La démondialisation : un concept novateur ou trompeur ?

La démondialisation entre dans le débat politique[1]. Elle est présentée comme un nouveau concept. Son nom évoque l’idée d’une sortie de la mondialisation ou d’un retour en arrière dans le processus de mondialisation. Il est trompeur car son interprétation recouvre des idées assez différentes, ce qui peut porter à confusion et brouiller les esprits dans des débats sur ce thème entre des personnes qui mettent derrière ce terme des contenus différents. Il est donc important de le définir, de revenir à son origine, d’en décrire le ou les contenus, ainsi que l’intention dans laquelle ce terme est parfois employé comme un label, une marque politique, un critère de différenciation servant à radicaliser un discours pour se montrer plus en rupture avec le système.

Le sociologue Philippin altermondialiste, Walden Bello, est à l’origine de ce mot, développant ce concept dans son ouvrage[2] : Deglobalization, ideas for a New World Economy. Mais à cette époque, ce concept était limité : il s’agissait de dénoncer la suprématie des grandes institutions internationales, du FMI à l’OMC, et de proposer en alternative plus de décentralisation, plus de pluralisme et plus d’équilibre des pouvoirs dans la gouvernance du commerce mondial, des échanges internationaux.
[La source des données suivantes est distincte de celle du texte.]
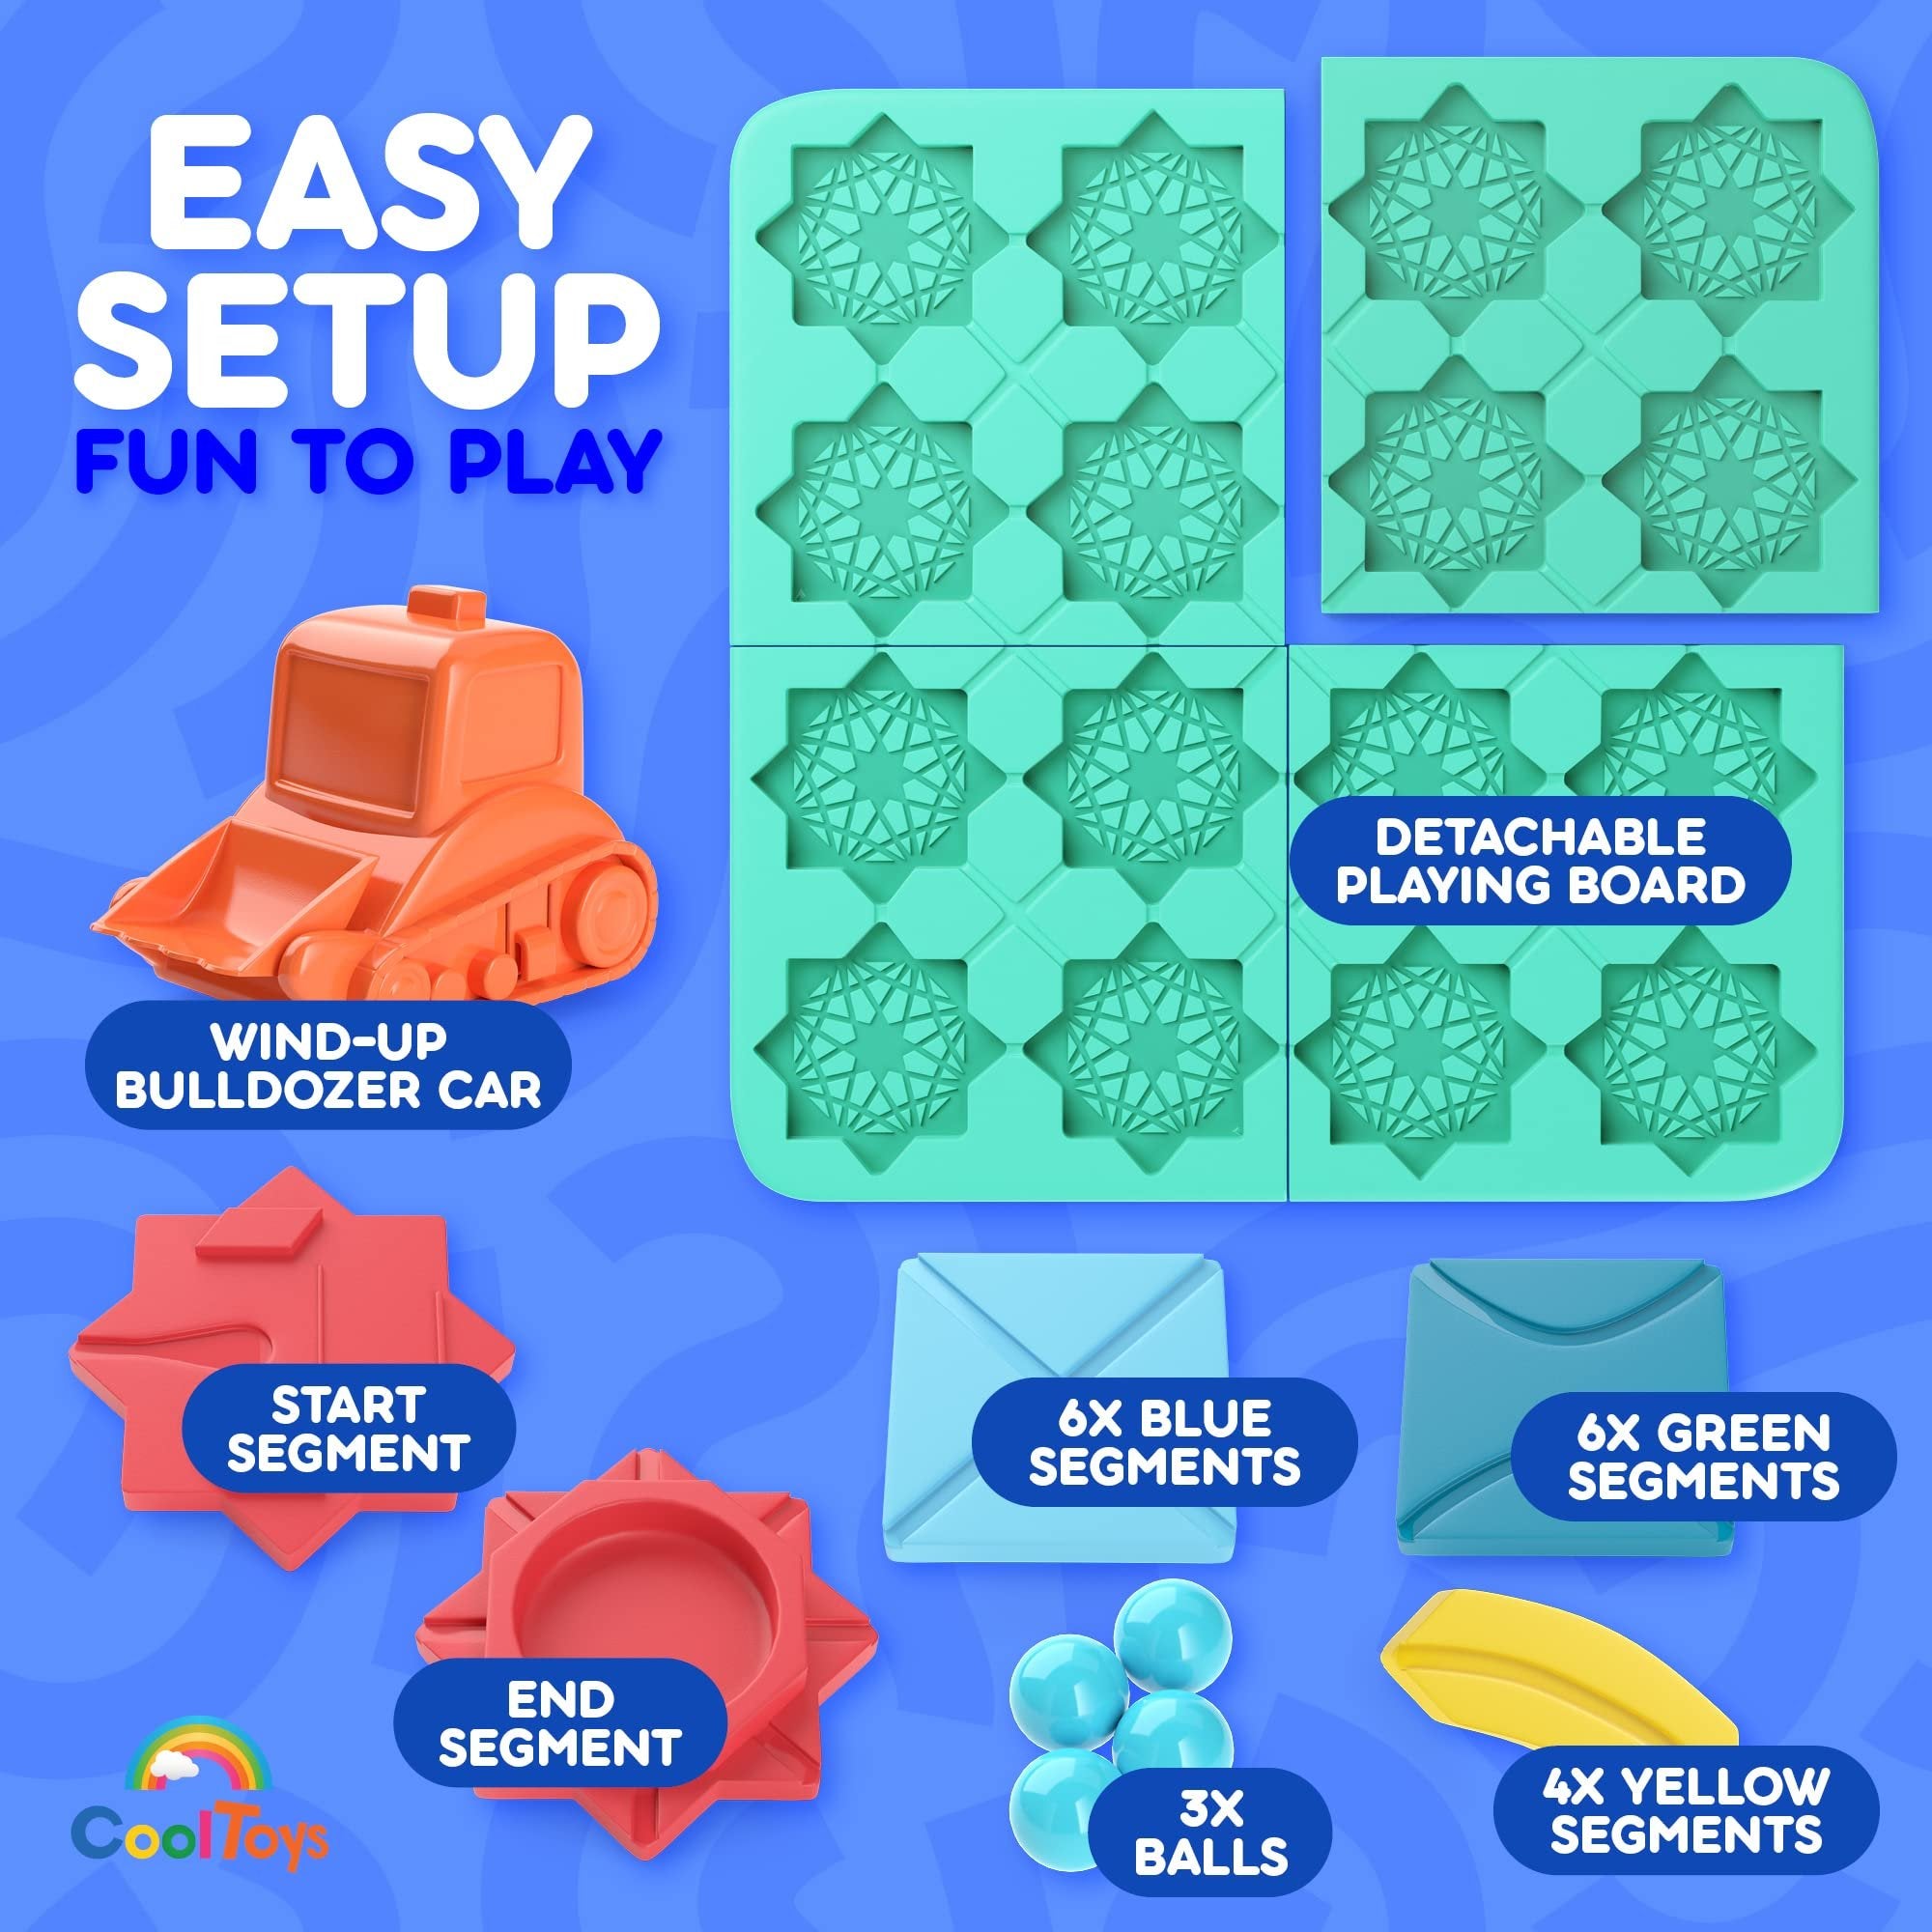 CoolToys Build-A-Track Brain Teaser Puzzles for Kids Ages 4-8 - Educational Smart Logic Board Game for Children, 4 Levels & 100+ Skill-Building Challenges, Fun Home & Travel Boys & Girls STEM Activity
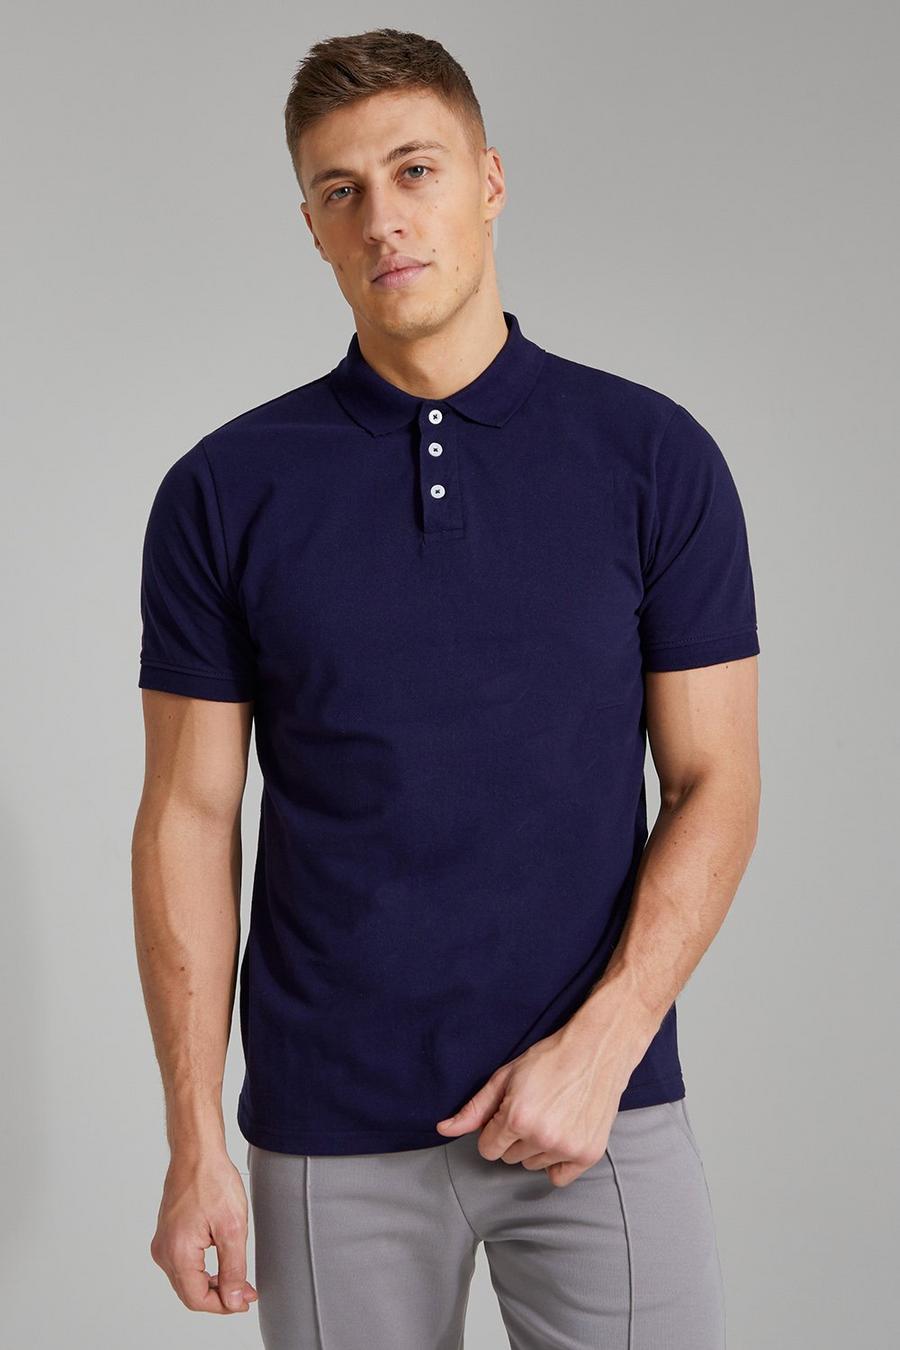 Navy Slim Fit Short Sleeve Pique Polo

Des personnalités, en général engagées à gauche, ont repris ce concept mais en y mettant chacun leurs ingrédients : des économistes tels que Jacques Sapir et Frédéric Lordon, des sociologues tels que Emmanuel Todd, des philosophes tels que Edgard Morin, ou encore des politiques tels que Arnaud Montebourg[3], Jean-Pierre Chevènement et Jean-Luc Mélenchon. Jacques Sapir, qui a publié en 2010 un plaidoyer pour la démondialisation[4] dit lui-même « C’est un concept malléable et tout le monde ne le définit pas de la même façon en fonction de ses propres intérêts ».  Mais cette doctrine n’est pas l’apanage exclusif de la gauche, elle séduit aussi des personnalités politiques de droite, telles que Marine Le Pen et Nicolas Dupont Aignan.

Les tenants de la démondialisation partagent ce constat : le libre-échange, généralisé dans les échanges mondiaux selon un processus remontant au début des années 1980, caractérisé par l'absence de barrières douanières et la libre circulation des biens, des hommes et des capitaux, a conduit à un vaste mouvement de délocalisation des productions vers les pays où la main-d'oeuvre est moins chère et où les normes de production sont moins contraignantes (à l’égard de l’environnement par exemple). Ces délocalisations ont entraîné une augmentation du chômage dans les pays occidentaux, ainsi qu’une stagnation des salaires vers le bas, par l’effet de concurrence accrue en offre de main d’œuvre, accentuée aussi par l’immigration (pour l’extrême droite). Ce phénomène a été amplifié par la globalisation financière, la dérégulation financière, le décloisonnement des marchés et la libre circulation des capitaux. La crise a montré les limites du libre-échange.

Les partisans de cette doctrine affirment donc vouloir lutter contre les délocalisations et préserver les emplois dans les pays occidentaux en préconisant de revenir à une forme de protectionnisme économique, à une concurrence loyale entre les pays occidentaux et les pays émergents. Selon eux, le marché intérieur serait davantage protégé des produits importés des pays émergents à bas prix en établissant ou en augmentant des barrières douanières.

Pour les uns, à droite, ce protectionnisme est à exercer au niveau national et s’accompagne d’une sortie de l’Euro, voire de l’Union européenne pour reprendre sa souveraineté nationale. Pour les autres (Arnaud Montebourg et Jean-Luc Mélenchon), qui ne prônent pas la sortie de l’euro, il doit être mis en œuvre au niveau de l’Europe, ce qui suppose de rallier les partenaires européens à cette thèse, avec des moyens très limités à court terme pour appliquer cette doctrine au niveau national. Jacques Sapir est plus circonspect concernant l’euro, qu’il préfère reléguer à une monnaie « commune » et non unique aux pays de la zone euro, redonnant à ces derniers une souveraineté monétaire nationale, avec la possibilité de dévaluer leur monnaie, offrant plus de souplesse en respectant la diversité des politiques budgétaires. La monnaie commune resterait en vigueur pour les échanges de la zone euro avec l’extérieur.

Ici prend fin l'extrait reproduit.